YOUR TASK. A faithful copy of the data is what is wanted, minus any pictures.

====== DATA SECTION ======

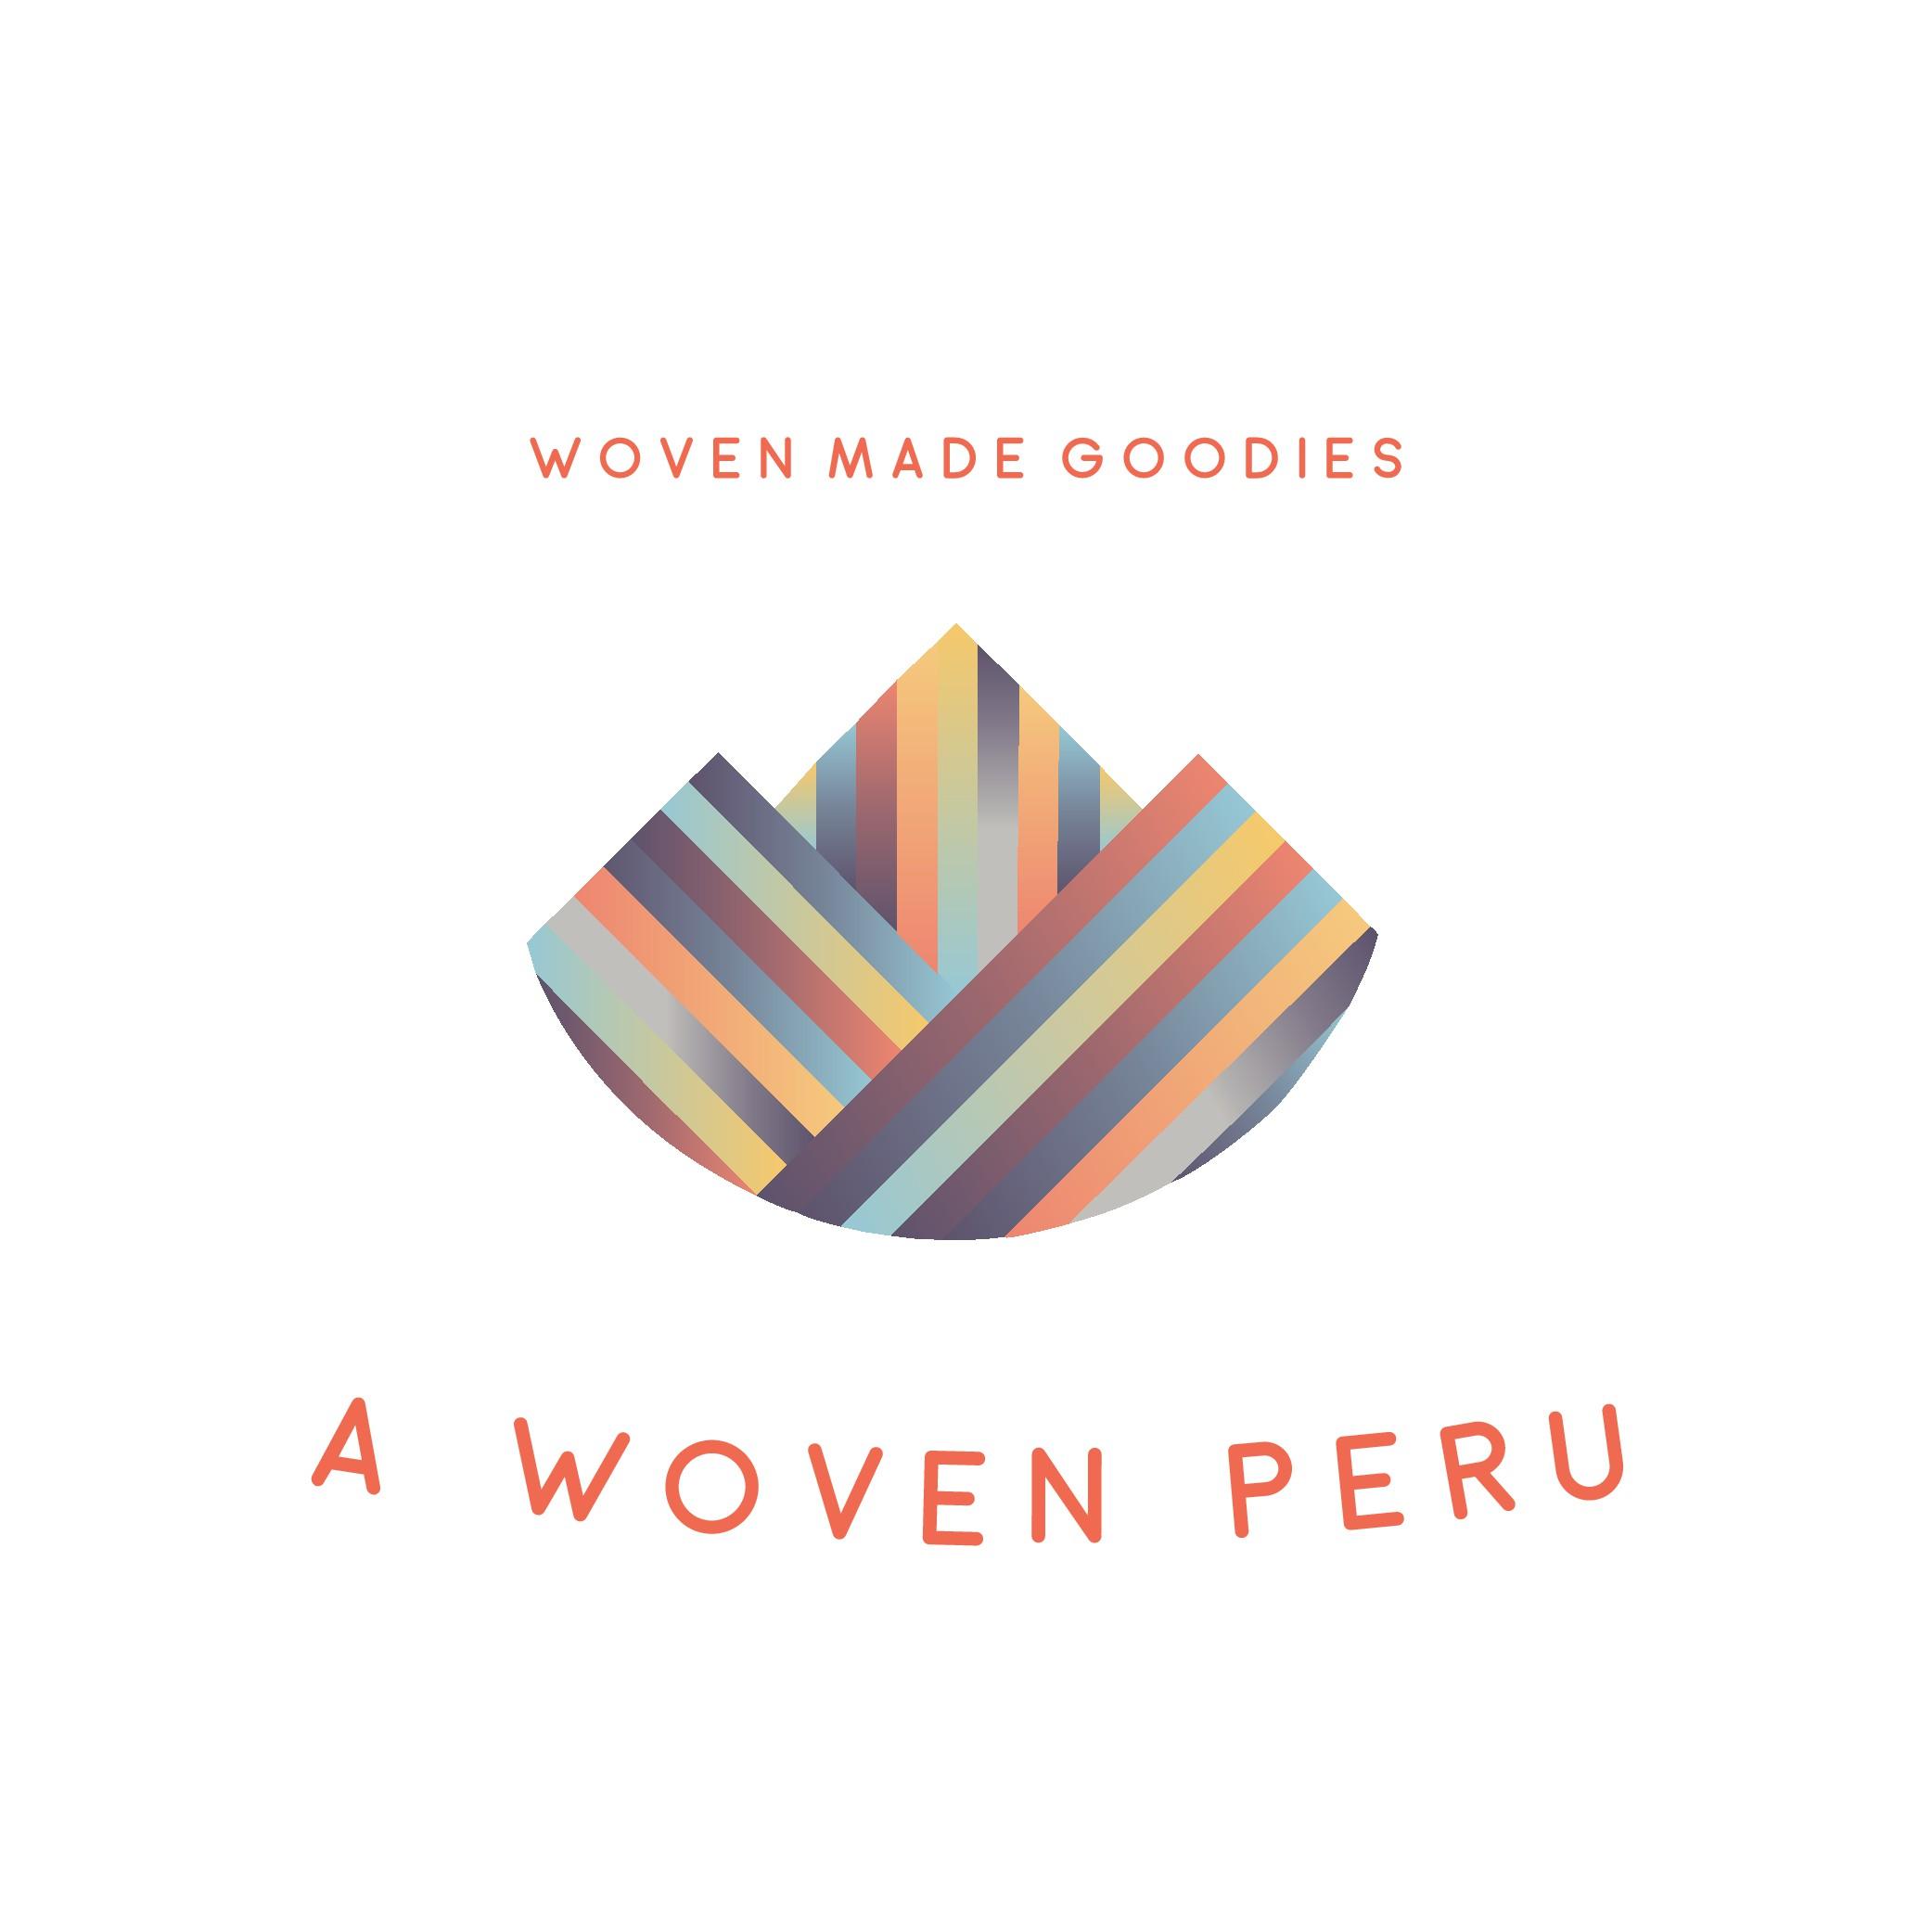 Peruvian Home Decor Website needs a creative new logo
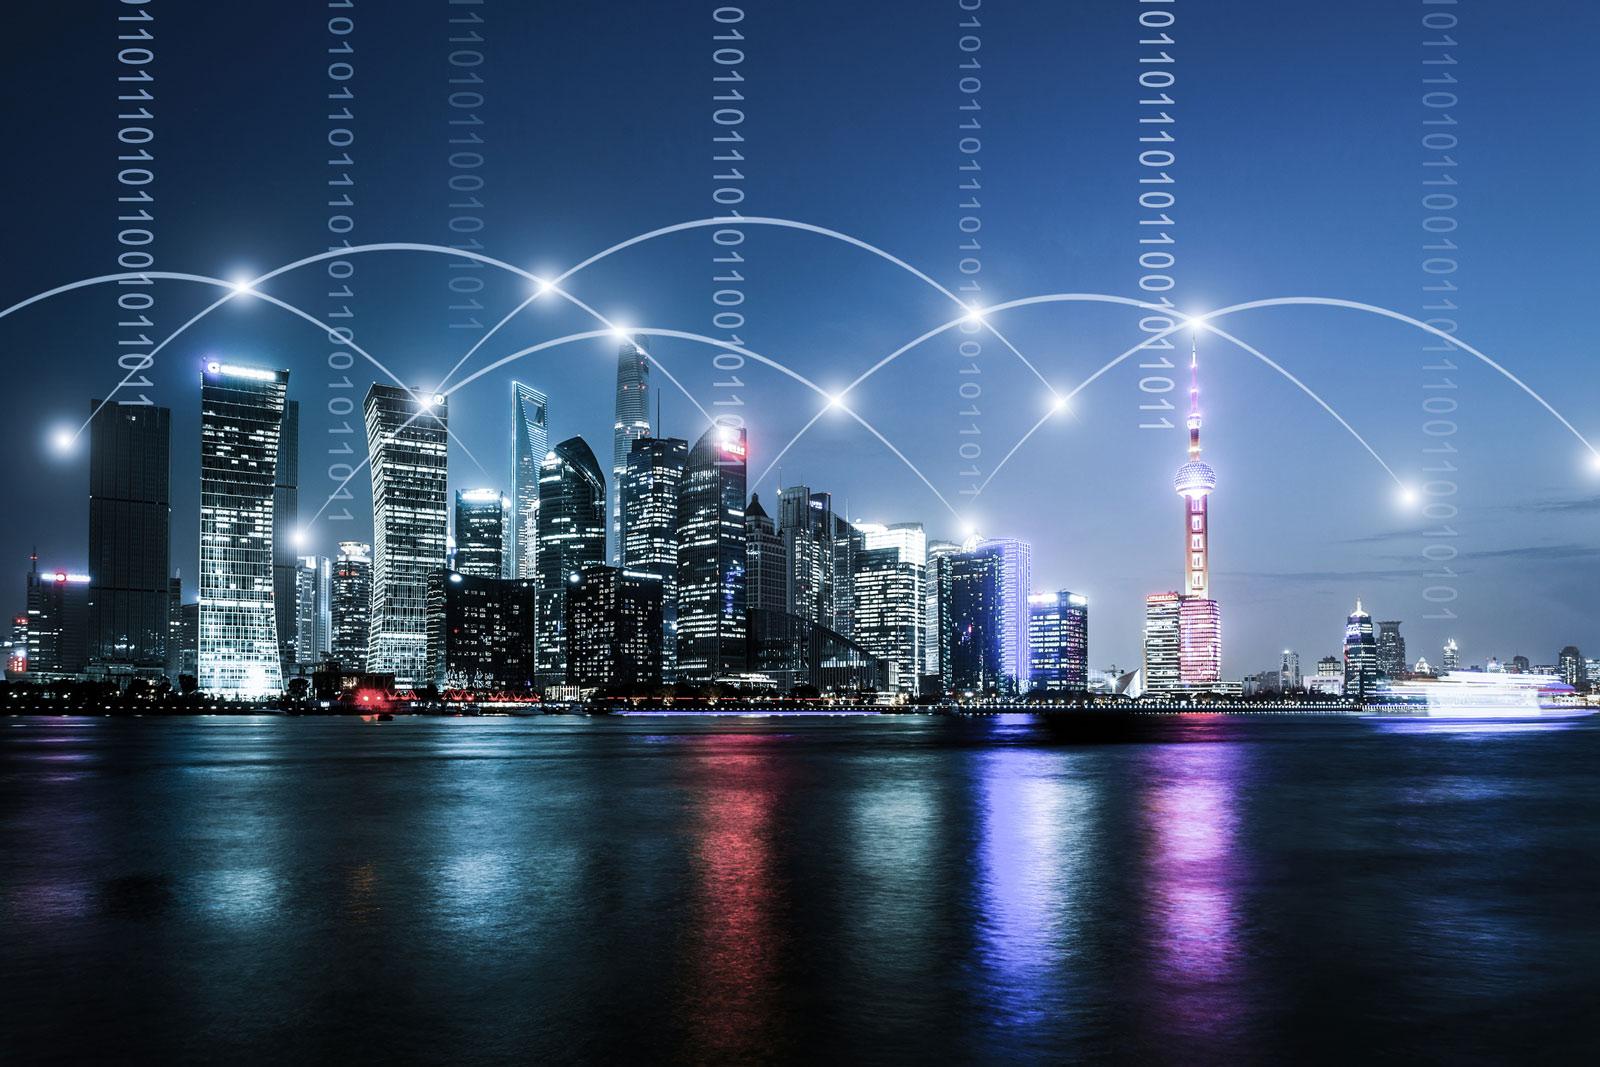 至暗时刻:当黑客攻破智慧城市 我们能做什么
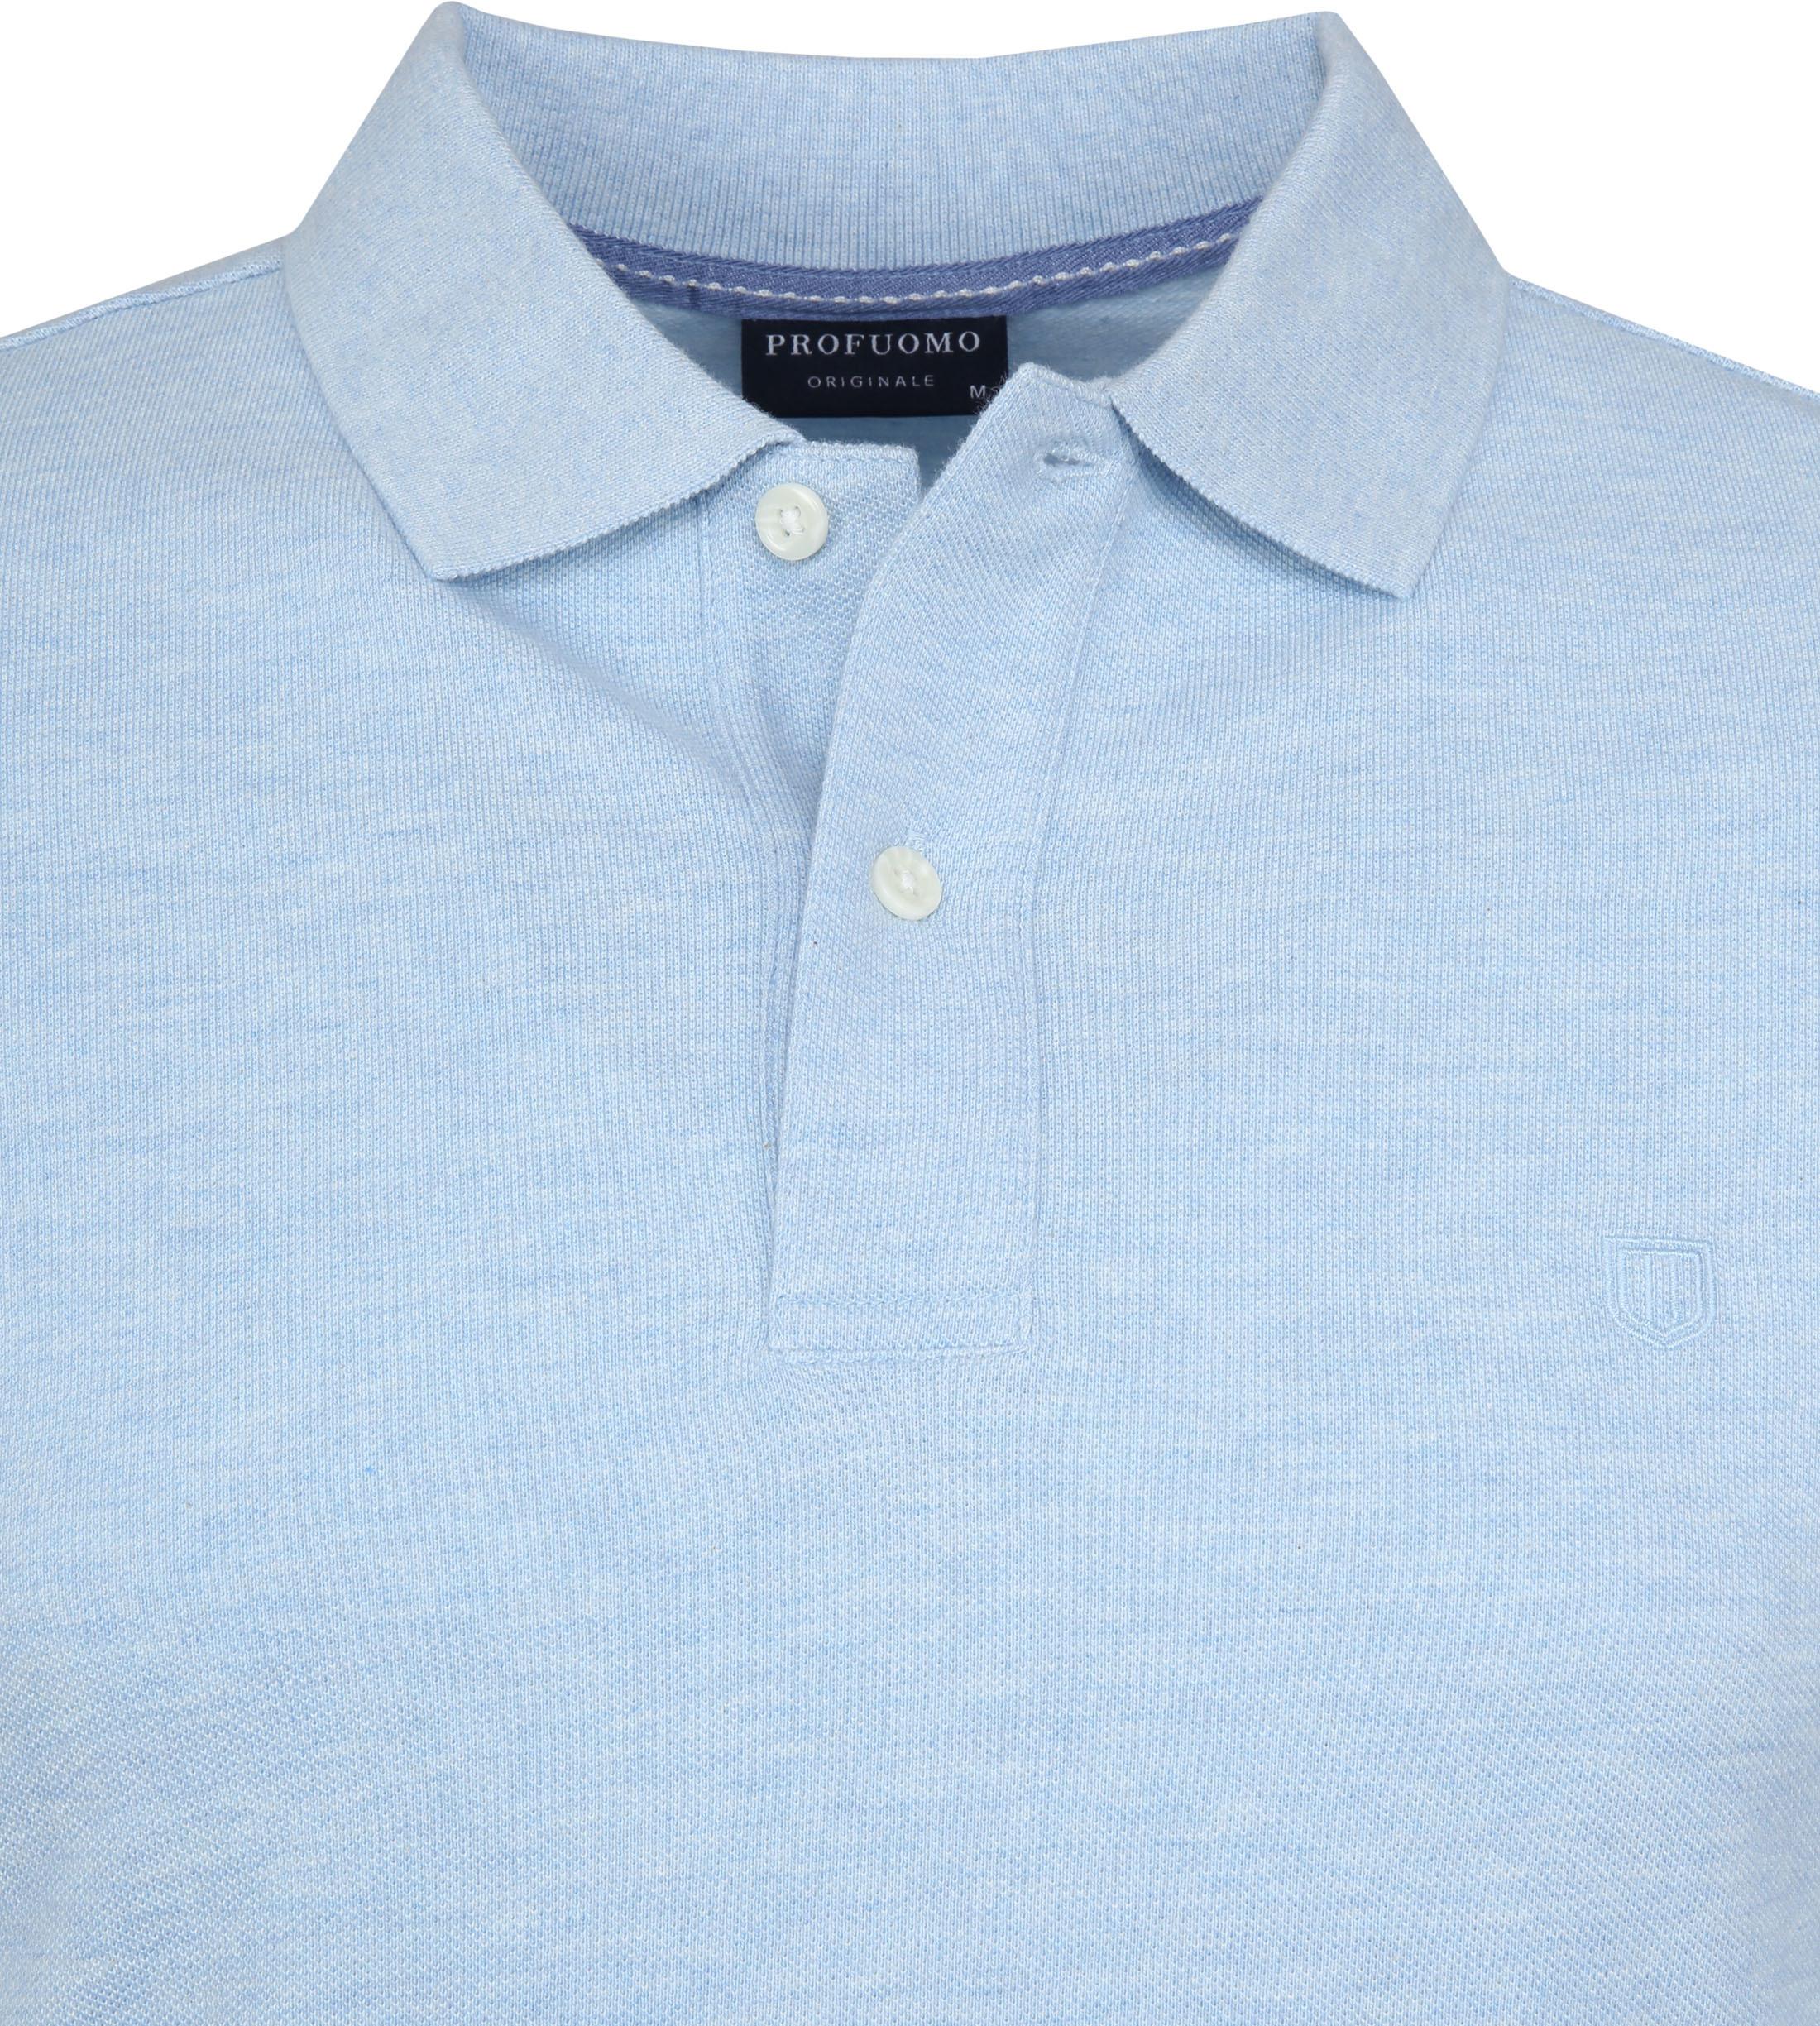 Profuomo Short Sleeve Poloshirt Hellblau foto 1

======

OUTPUT.
 Peruvian Home Decor Website needs a creative new logo
 至暗时刻:当黑客攻破智慧城市 我们能做什么
 Profuomo Short Sleeve Poloshirt Hellblau foto 1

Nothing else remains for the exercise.